Due to the blackout in Southern California yesterday I missed "The Jobs Speech" (to be precise, Obama's campaign speech, paid for and sponsored by The American Taxpayer), which I had set to record on my DVR and watch after I got home from school. Driving home I did manage to catch the last five minutes, enough to be reminded why I hate when presidents speak to joint sessions of Congress. Within those five minutes alone Obama was interrupted at least four times by raucous applause. I think I may have even heard some whoops and hollers. Is that possible?
Though his admirers on the left are praising it, the speech as I perceived it when I heard snippets of it later came across as manipulative and, despite his needling others about the Importance of Bi-Partisanship, partisan. I'm fairly certain that Republicans in that chamber were not applauding. It was a one-sided pep rally, like a gym filled with fans of two teams sitting in opposite bleachers but only one school's cheerleaders leading the cheers.
Thinking about it today, it occurs to me that the speech, salted liberally with the repetitive mantra of "Pass This Jobs Plan Now!" comes across as mostly meaningless, especially when you realize that whatever jobs plan Obama was pressuring Congress to pass ("
now!") was not in writing, so there was nothing actually to pass, now or later. And because there was nothing in writing, the costs of this amazing plan that needed to be passed now were also nonexistent. Yet another game of charades by the master charlatan.
Why does this all sound so depressingly familiar? Does anyone remember the 2,000+ page health care bill? Speaker Pelosi herself admitted (after the fact) that Congress had to pass the bill before they could know what was in the bill. Members of Congress hadn't even
read it, but they went ahead and passed it anyway because there was Obama insisting it had to be passed now. And so they passed it. And what a mess it was and is.

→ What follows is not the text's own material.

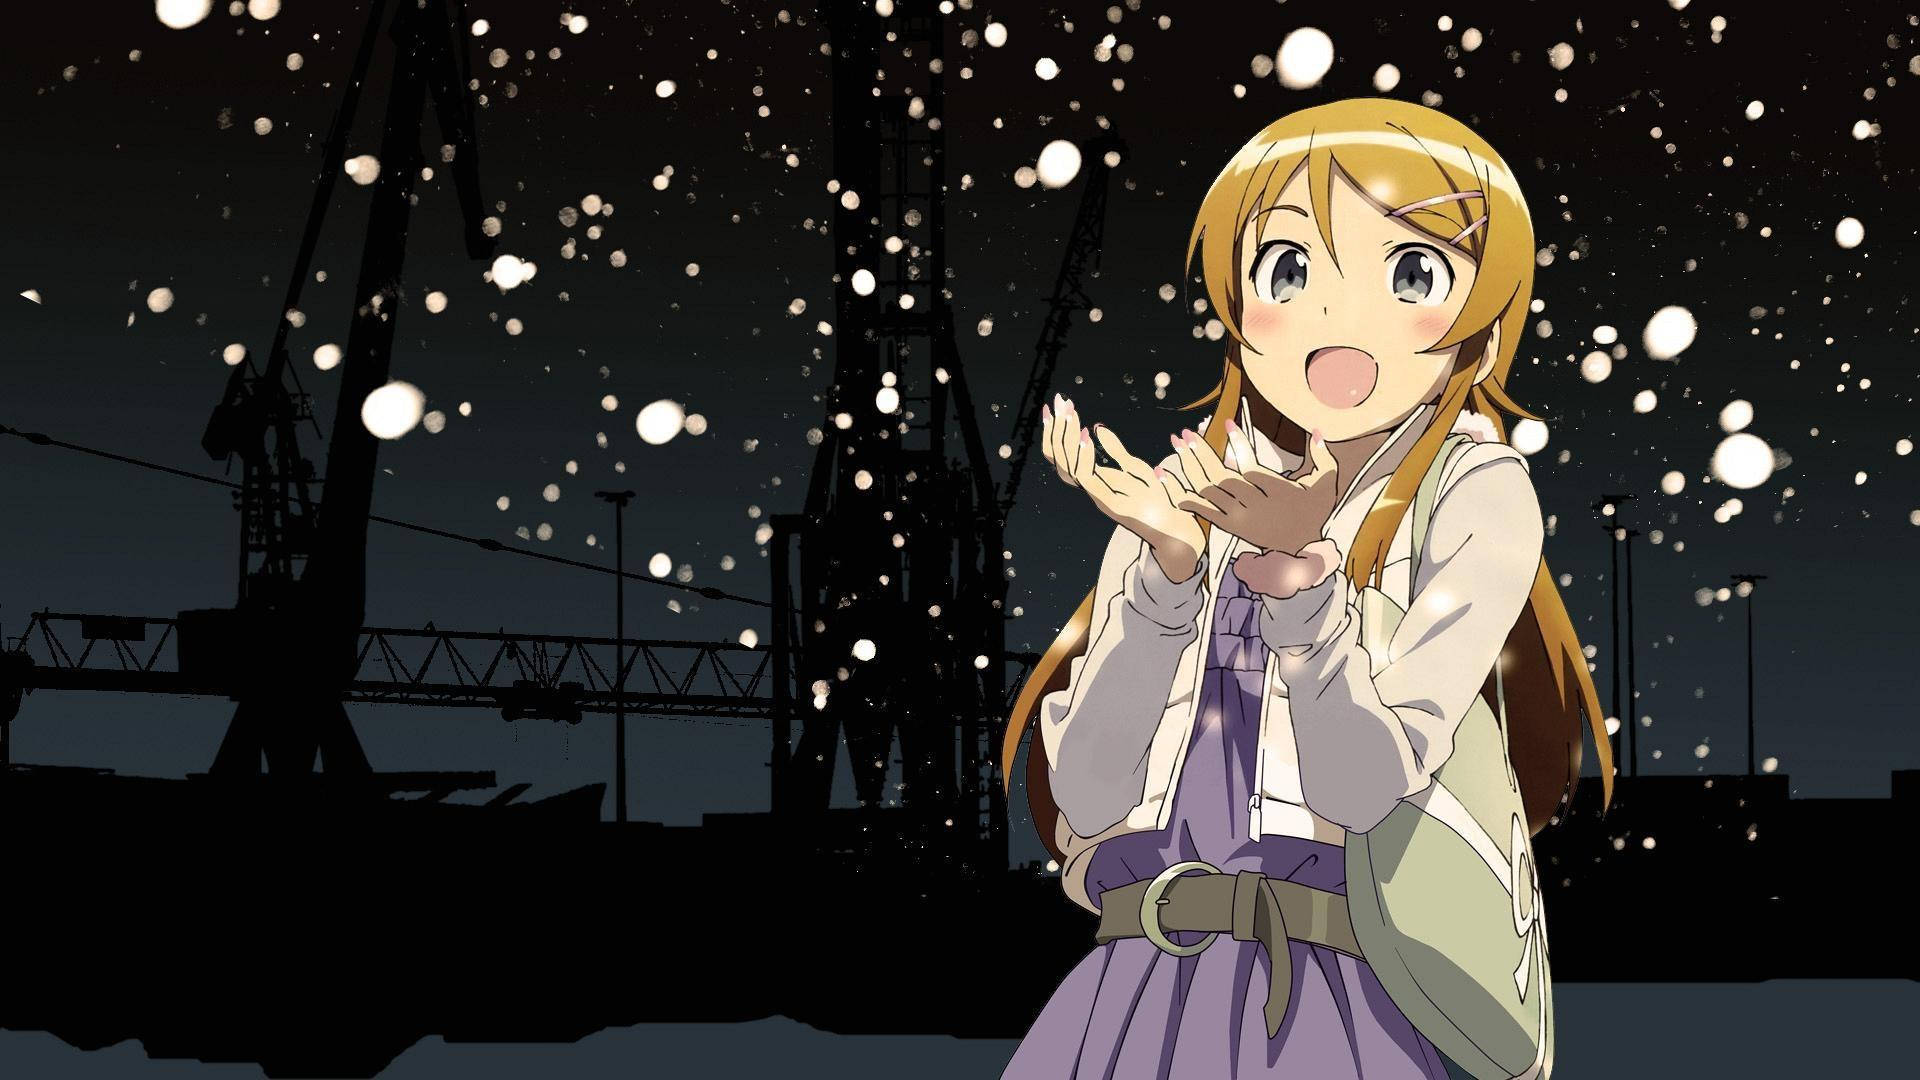 Kawaii Hd Anime Girl Catching Snow

Now here we are again, the president standing before Congress and essentially daring it not to pass his jobs bill which is not yet in writing and whose cost has yet to be specified, because if they don't, he will sick (sic?) the American people on them.
This is not leadership; it's political theater. Unfortunately this sort of theater what we have come to expect from Obama because it's all he knows. And his far-left base loves it. I found this by John B. Judis of
The New Republic:
"Before Obama’s speech, commentators were saying that he stood no chance of getting his program through Congress. But when Obama shows leadership—when he plays the class card, as he did, and implicitly paints the opposition as the party of the wealthy and of the big corporations—then they quaver... ("Obama's Angry, Direct, and Eloquent Defense of Government").
Playing the class card is leadership? Playing the race card is leadership? Denigrating your political opponents and then denigrating the act of denigrating of one's opponents is leadership? Apparently so, if you're a left-leaning Democrat. My definition of leadership is a little different. Obama may have a plan, but so do others in Congress, some of them Republicans. Try working together with them again, Mr. President. Only this time, actually listen to and incorporate their ideas. It should not be an either/or proposition.
And yes, I know the Democrats like to say that it's the Republicans who are the obstructionists, the Republicans who are always saying "no." But that's part of the theater. The reality is, the president brushed aside the Republicans during the health care debate (I seem to recall him saying to one Republican senator, "I won--get over it"). Since this president doesn't play by the rules, I tend to ignore it when Democrats demonize the Republicans in these discussions.